Mike was “totally infatuated with down-home Chinese restaurants” in his early years, and also loved cookbooks, which he used to take on Scout excursions. “I would read the recipes to the other Scouts in the van headed to camp and quiz them on which wine they should pair with each dish.”

For a spell, Mike gave up the wok and ventured into French-style cooking, as those ingredients were more readily available. “While I was in high school, I realized that I could charm girls with cooking and hilarity. If I could keep them laughing and feed them, I was a shoo-in every time,” he laughs.

Cooking and hilarity still define Mike’s approach, and his presence is as much a draw as his creations. At Like My Thai, nothing separates where the food is prepared from where it’s savored, so anyone can watch Mike’s wok wizardry in action. “I really like people,” Mike says, “and bringing the back of the house into the front of the house.”

He also loves the creative process of cooking. “The attraction is the flow, just like anything,” he explains. “That’s the part of cooking that’s the big payoff.”

Mike isn’t formally trained as a chef. But he’s worked at, managed or owned everything from fine dining to tavern to pizza shop—to selling gussied-up bagels out of a VW van at Grateful Dead shows.

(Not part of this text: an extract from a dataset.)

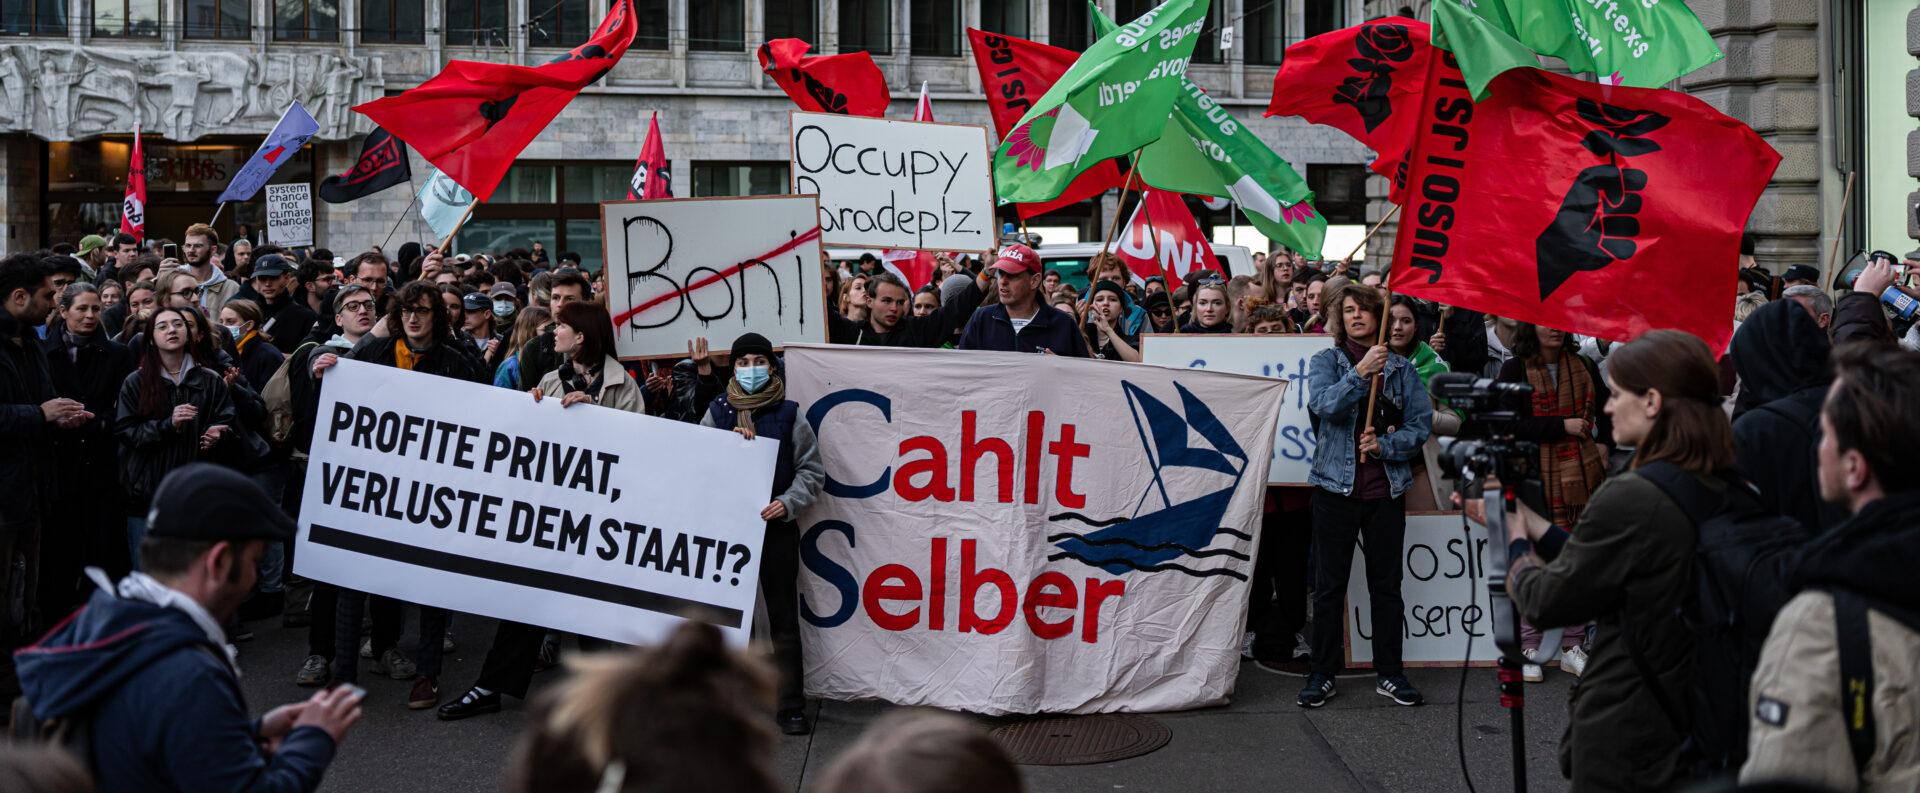 La débâcle de Crédit suisse a provoqué des réactions indignées dans le public | photo: manifestation à Zurich, le 20 mars 2023 © Gianluca Imbiscuso/Flickr/CC BY-ND 2.0

It was while he owned the pizza shop Papa Joe’s that Pad Thai Tuesdays emerged in the mid- 2000s, along with red curry many Fridays. He and Liz also hosted a number of Pad Thai house parties— or “keggers with chopsticks.” By 2006, they had to let the pizza shop go. But they devised what’s now known as a popup and took Pad Thai Tuesdays on the road. I remembered one particular event at a dank neighborhood dive ironically named The Friendly Tavern.

“Yeah!” Mike recalls. “We were cooking on a pool table!”

Beginning in January of 2009, Mike and Liz operated their popup at about a dozen places, eventually finding a home for it at a nowextinct lunch place downtown, then later settling into La Bella, where Mike also worked, and where their Tuesday popup was a fixture for five years.

It’s also where they attracted the following that made crowdfunding the perfect fit.

In 2014, Mike and Liz connected with Kris Wheaton, a Mercyhurst University professor whose Quickstarter helps local startups maximize Kickstarter. For three months, they hammered out their campaign to convert the popup into brick-and-mortar, then launched that November.

They were fully funded in 29 hours. The next 13 days brought an additional $10,000.

“My phone would beep with every new donation,” Mike recalls. “At the end of the first week, I called Lizzie and said ‘I think we’re going to have to do this!’”

So, they went to Cleveland, locked themselves into their favorite hotel room with a couple of yellow pads and a bottle of bourbon, and conceived of what is now Like My Thai. They secured their State Street home when its commercial leasing agent dined at their popup and was served what he said was the best piece of salmon he’d ever eaten in his life. The space was theirs.

With the help of Mike’s dad and a couple of friends, they opened in late January 2015, and have been spicing up State Street ever since.

Erie has a reputation for being resistant to change, even a bit bland. The city’s current transformation isn’t the result of any top-down branding campaign; it’s thanks to folks like Mike and Liz Augustine, who’ve ingeniously pursued their passions, and served them to the city with a generous helping of humor.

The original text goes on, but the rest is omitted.